The passage of the years and the rise of the MeToo movement have led Winslet to view her own career in a different light. In a 2020 interview with NPR while promoting Ammonite, she asked, “Have I really used my voice? Have I really said: ‘Hang on a minute, why would you position my character in the corner of the room by that nice, flattering light that’s coming through the window just because you want to see the curves of my breasts there?’ Like, why? That’s objectification, isn’t it?” Duguet believes this was a reference to Todd Field’s Little Children. Today, the director sees that film through other eyes. In contrast, during the production of Ammonite, Winslet choreographed sex scenes with her castmate Saoirse Ronan in search of new perspectives, and to escape the male gaze — to center the female gaze, as it were. “I felt the proudest I’ve ever felt doing a love scene on Ammonite.
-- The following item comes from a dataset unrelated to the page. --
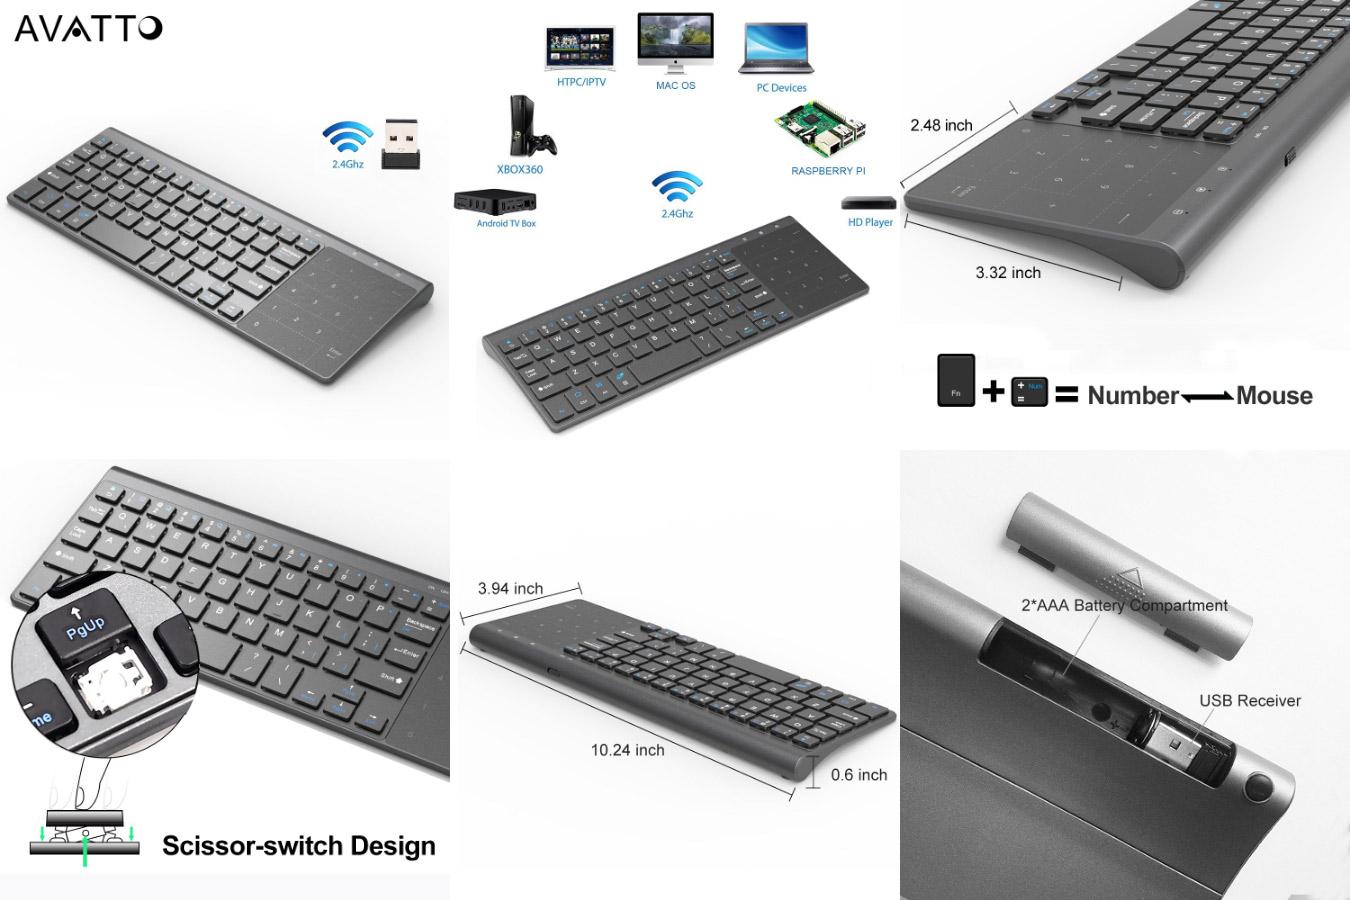 Самая популярная клавиатура с алиэкспресс Avatto T19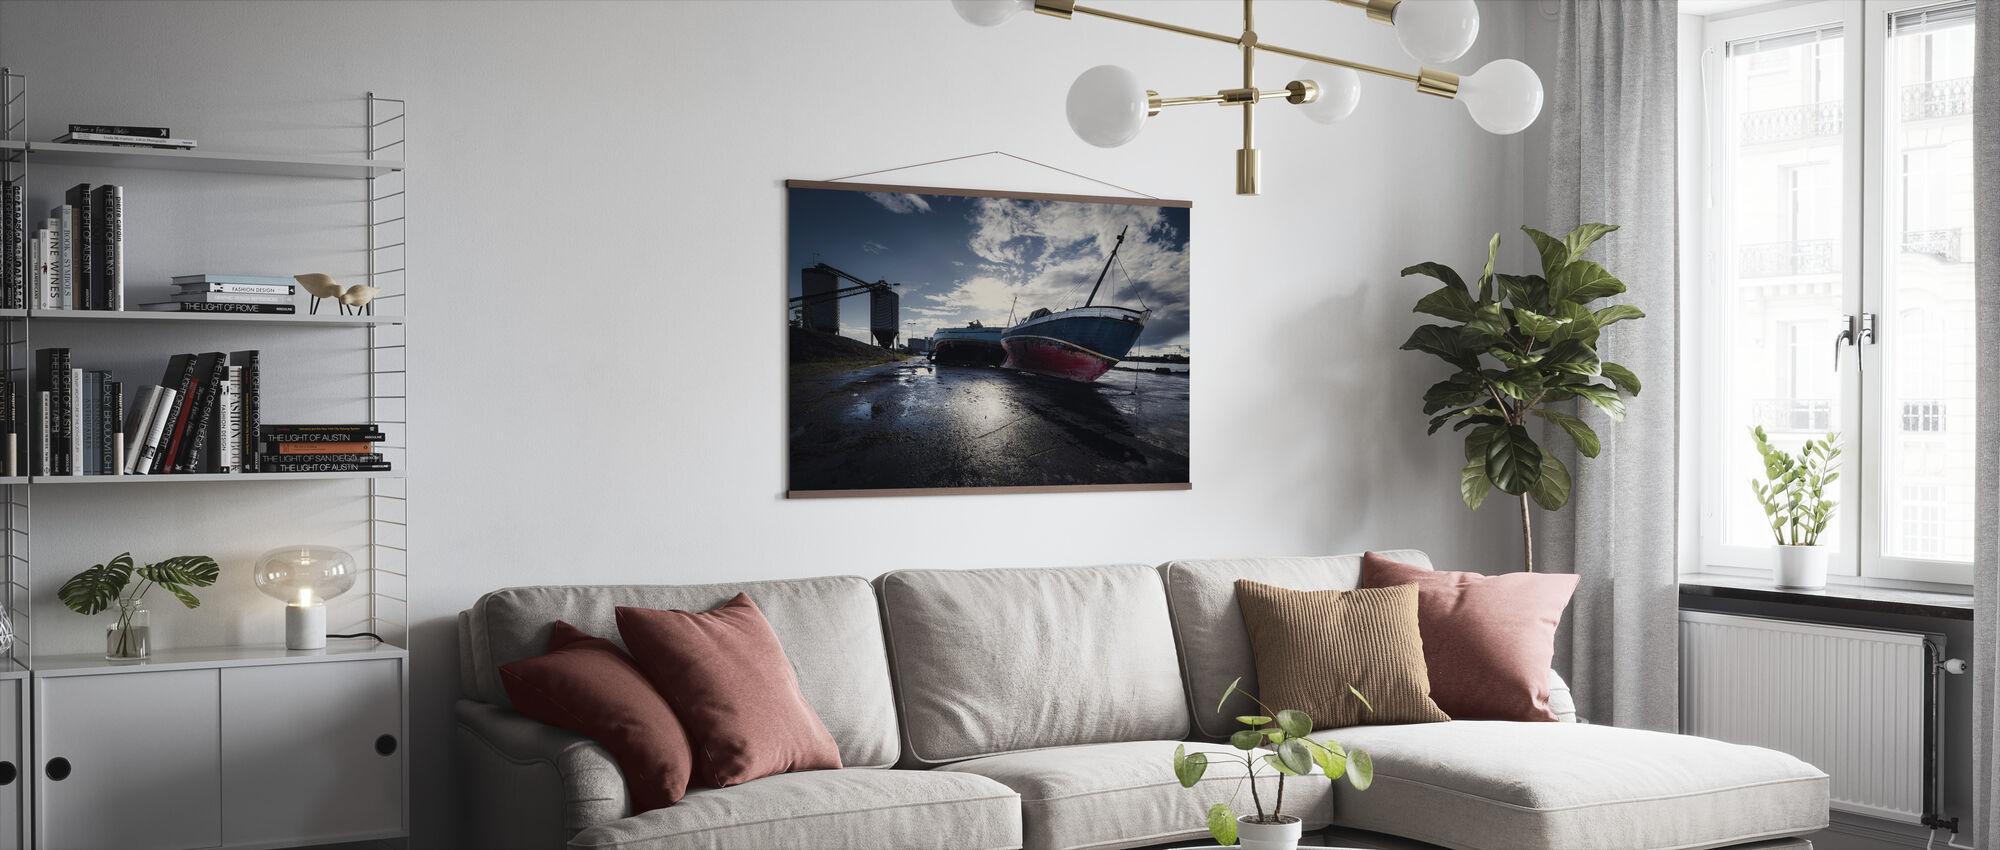 Stranded Boats in Malmö, Sweden - Poster - Living Room

And I felt by far the least self-conscious,” Winslet told The Hollywood Reporter.
“You can see all these American actresses now going to the European female director to make the movie. Like Babygirl, like The Substance. There is more work to do always about the female gaze,” says Duguet. But Winslet has always been conscious of her own body, ever since she had her first fan site dedicated to her after the release of Sense and Sensibility, when she was 19. When she was 11, she played Alice in Wonderland in a high school play. At 14, a professor told her she’d do well if she contented herself with playing “fat girl roles.” “Look at me now!” she declared after picking up her third BAFTA award for the movie Steve Jobs.